Anybody who is thinking within the context of professional sports’ economic scale should understand what those numbers mean. They should look at the NBA and see that the average age of the league’s most recent rookie of the year finalists was 20, that their first years of free agency will come at the average age at 25. They will find a similar story in the NFL. The average age of the four most recent rookie of the year finalists was 22. The average age of their first year of free agency is between 26 and 27. The NHL’s scale is different, but no less instructive. The average age of the last year’s top 10 rookie of the year finalists was 22. The top 25 most lucrative contracts in the sport were all signed by players younger than 30. The average age of the top 11 was 25.

That’s a lot of numbers, so let’s circle back to the ones that matter most. By the time your average MLB star reaches free agency for the first time, he is 30 years old and has spent 9-plus years earning a salary that is below market rate. In five or six of those years, his salary is well below market rate. Like, laughably below.

Take Corey Seager, who won the National League Rookie of the Year Award way back in 2016 and reached free agency for the first time this offseason.

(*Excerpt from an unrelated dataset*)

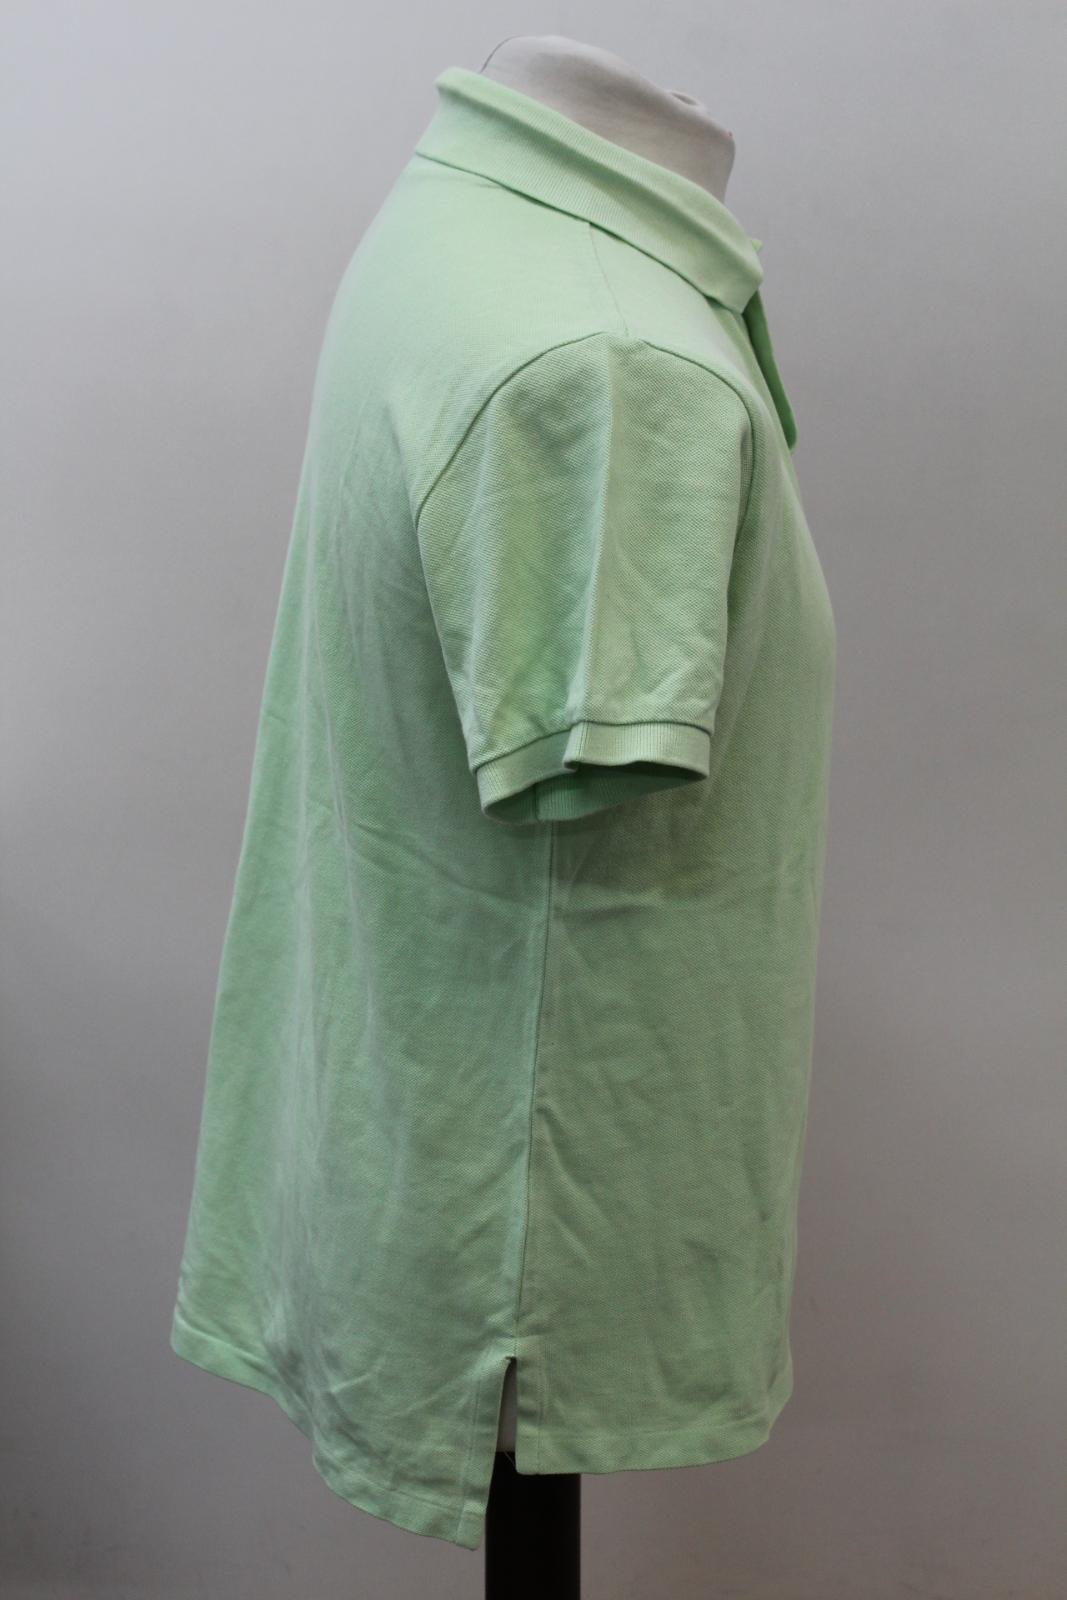 Polo-by-Ralph-Lauren-Hombre-Verde-De-Algodon-Manga-Corta-Con-Cuello-Camisa-Polo-Talla-L miniatura 4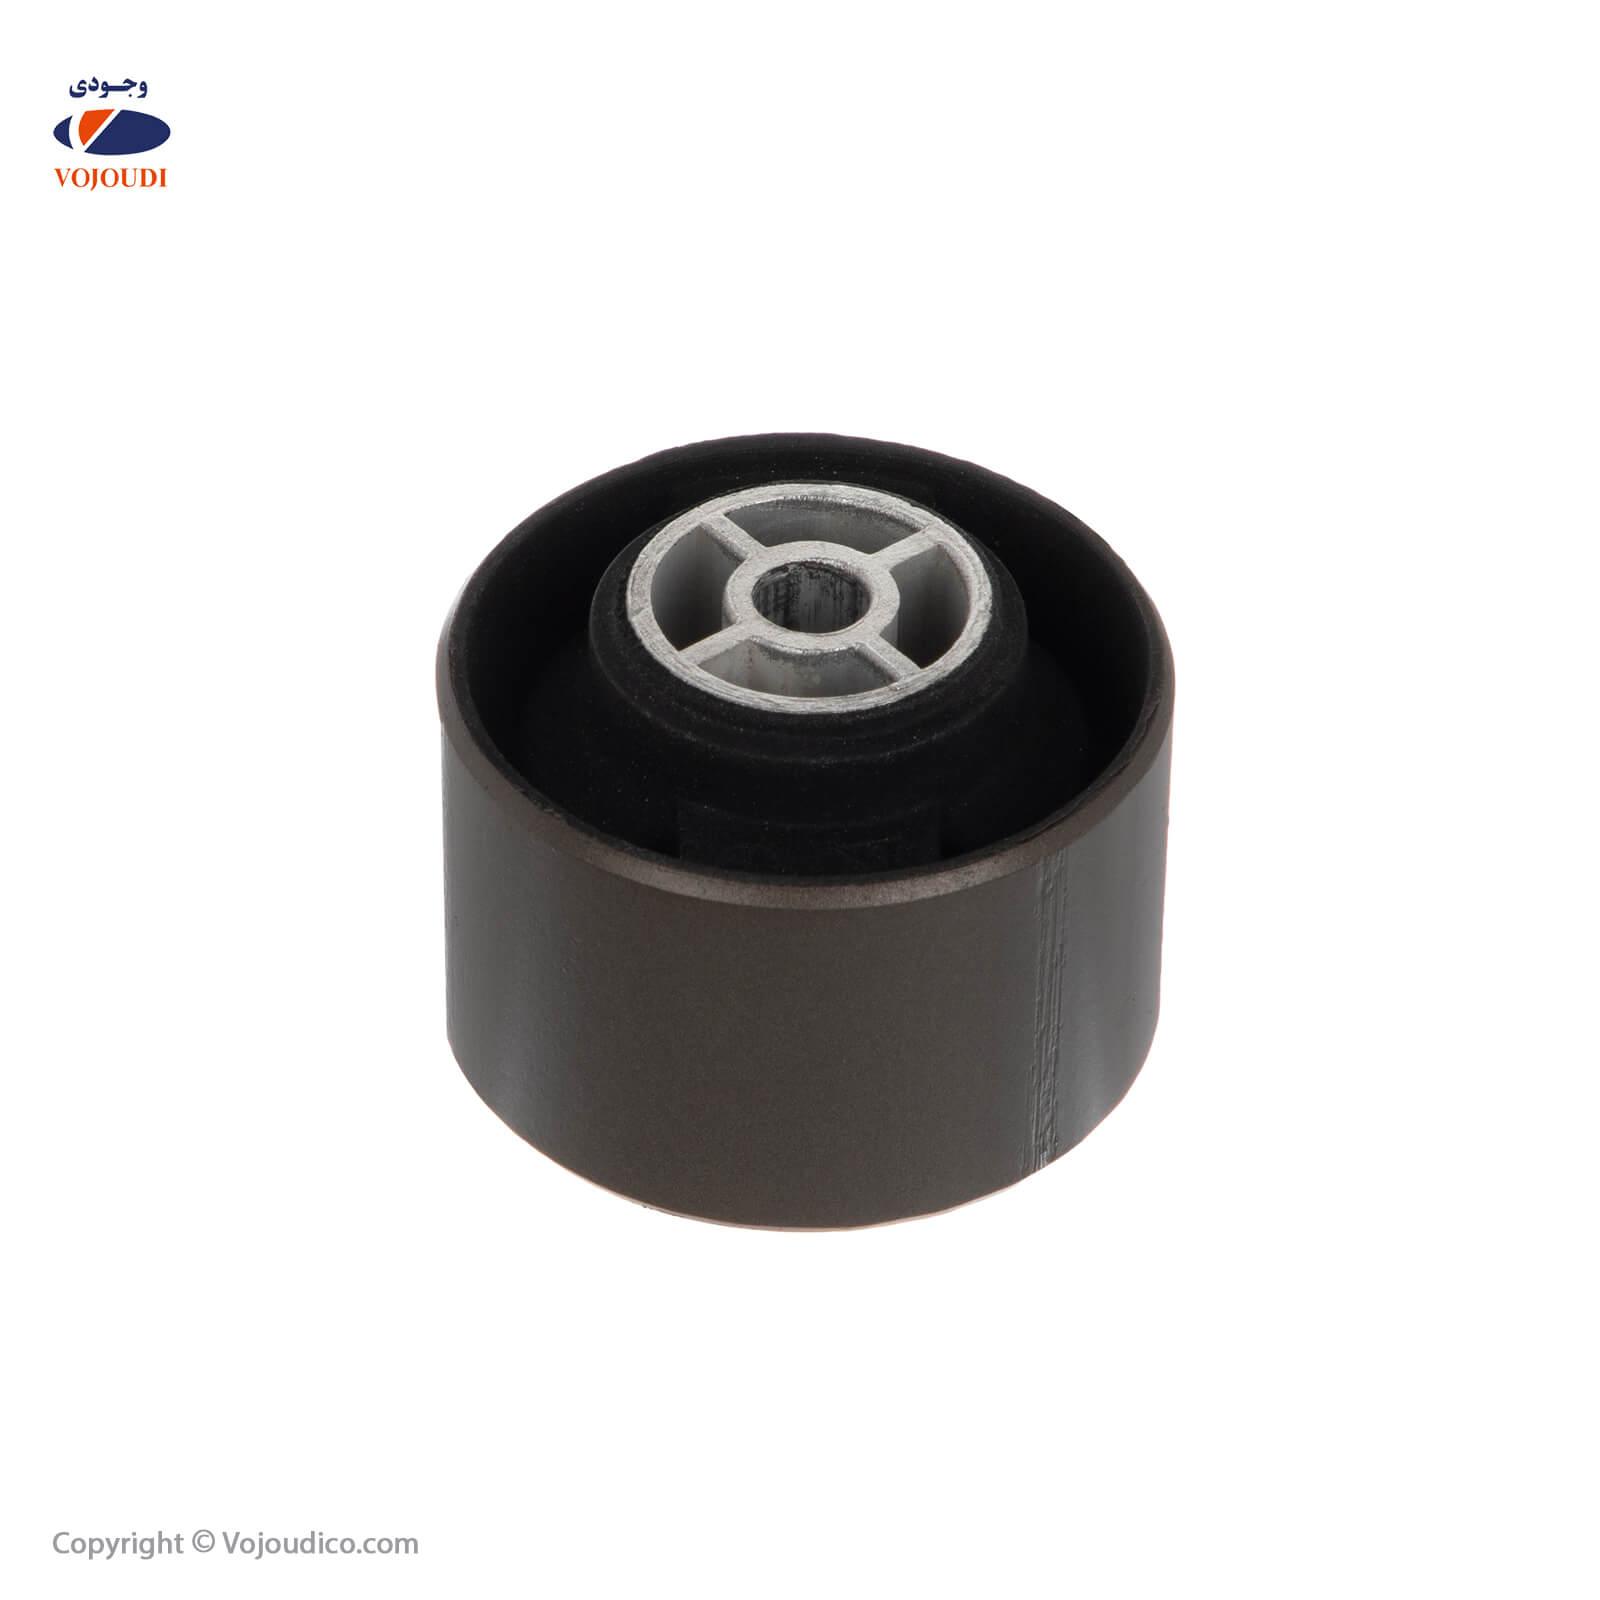 3729 1 - دسته موتور گرد فلزی وجودی کد 3729 مناسب برای 206 ، تعداد بسته : 30 عدد

Next year — whenever it happens — Seager will more than double the $14 million he earned in his last season before free agency. In fact, he will earn more in the first year of the 10-year, $325 million contract he signed with the Texas Rangers than he had in the first 10 years of his professional career combined. Think about that. Think about the fact that Seager was initially drafted back in 2012, that he spent three years mired in minor league outposts like Ogden and Rancho Cucamonga only to become one of the majors’ best-hitting middle infielders immediately upon his arrival, that he finished third in MVP voting in his first full season, that by the time he was six years out of high school he had career earnings of less than $5 million.

While you think about all of that, remember that Seager is one of the lucky ones.

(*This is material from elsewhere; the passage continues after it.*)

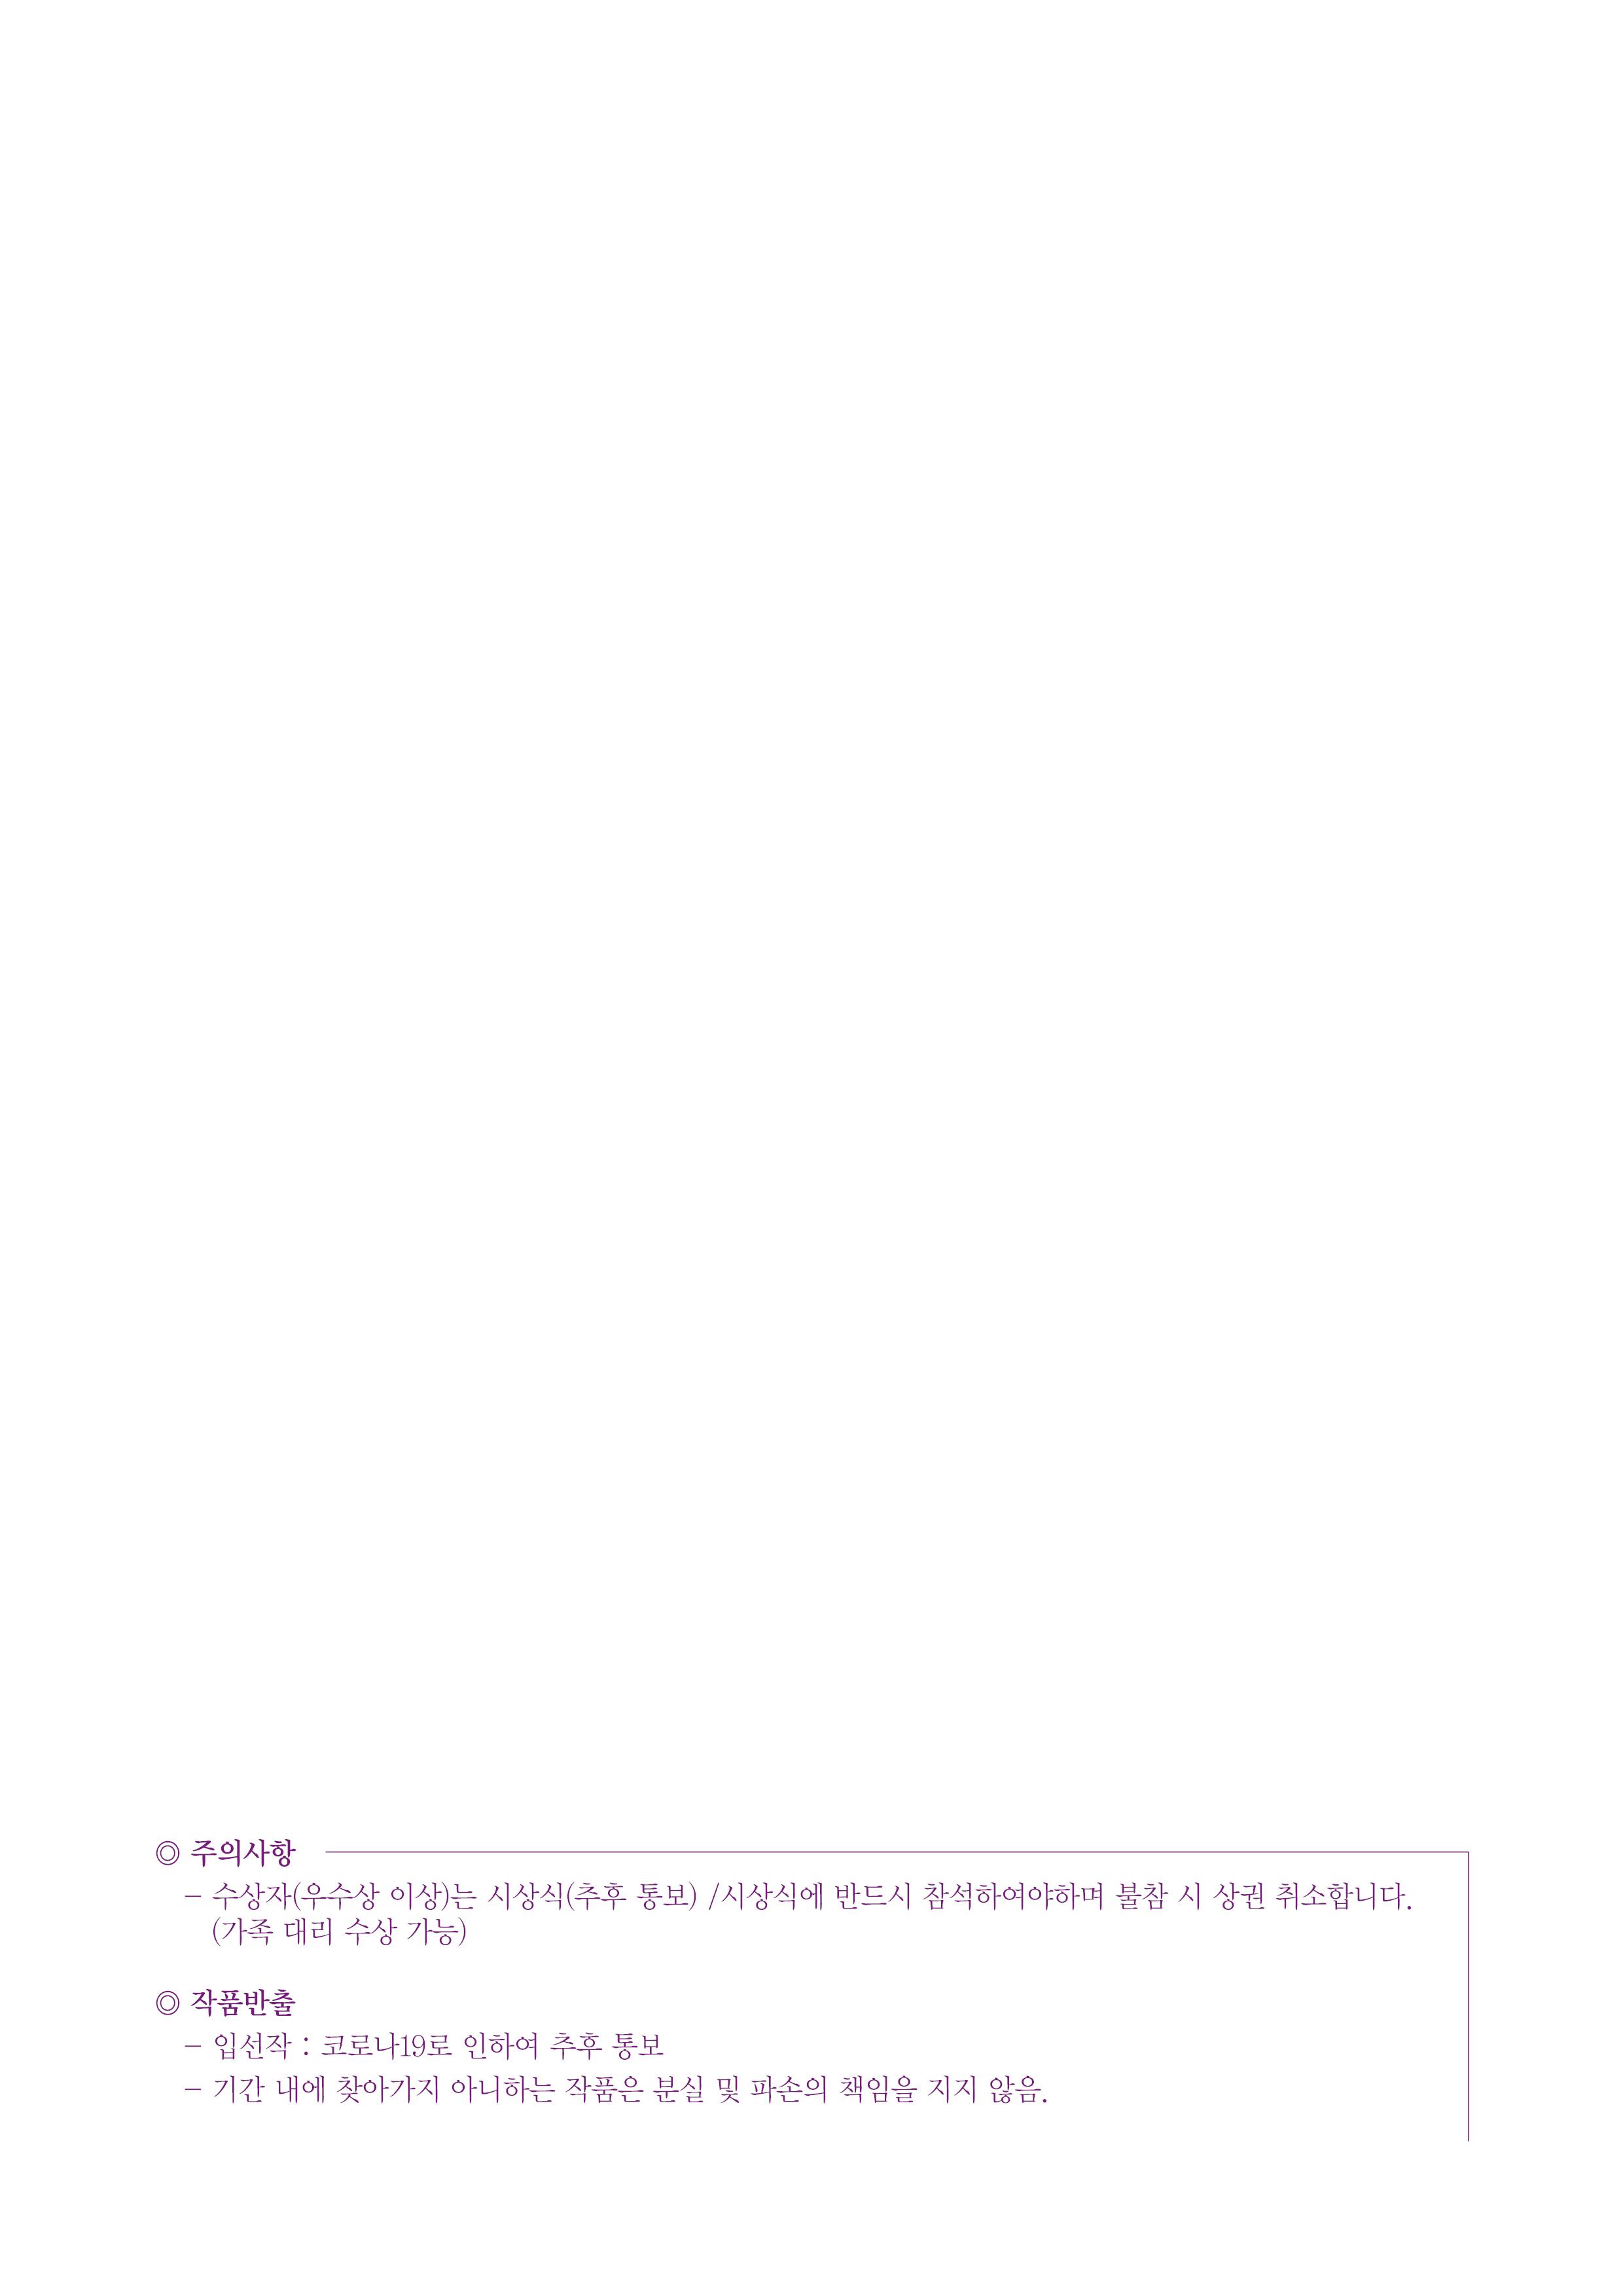 제22회 정수미술대전 출품원서4.jpg

It doesn’t take Ludwig von Mises to understand what all of this means. First and foremost, it means that baseball’s current economic structure creates almost no incentive for owners to offer a player a contract extension that is anything close to his market worth. Baseball is alone among professional sports in the fact that it indentures players to their initial team for at least the first six years of their career and for a potential of 10-plus. These also happen to be the 6-10 years in which a player is at his physiological peak. For all but three or four of those years, a star player is paid a fraction of what he is worth on the open market. For the remaining years, his negotiating leverage is all but squelched by an arbitration system that, in the case of a player like Seager, awards him a salary that is well south of 50% of what he would be able to demand on the open market.

From there, the second-order effects roll like a snowball into an avalanche. Owners enter the free-agent market flush with cash, only to find a market where the vast majority of players are in physical decline. In the most ideal circumstances, they hand out 10-year contracts to players like Seager who are a decent bet to give them peak production for at least half of that time. More often than not, though, they flush that cash down the drain. Meanwhile, the sport’s competitive balance plays out like a poker game where nobody at the table is forced to discard. Every now and then, a team like the Dodgers forms a perfect storm: They draft and develop talent, hold onto it until it nears its expiration, and use their big-market revenue to battle the other oligarchs to a free-agent draw.

It is an absurd system. It would take thousands of words and an equal amount of citations to explain it in detail, but the proof is in the pudding. Even before the pandemic, attendance had declined for five straight seasons. The on-field product is as boring as it has always been. Half of the teams have little reason for hope. Not even the draft, where the vast majority of players will never be seen. Those players have little incentive to consider anything more than the present. At some point, the owners must stop worrying about the size of their share and instead start thinking about the size of the pie.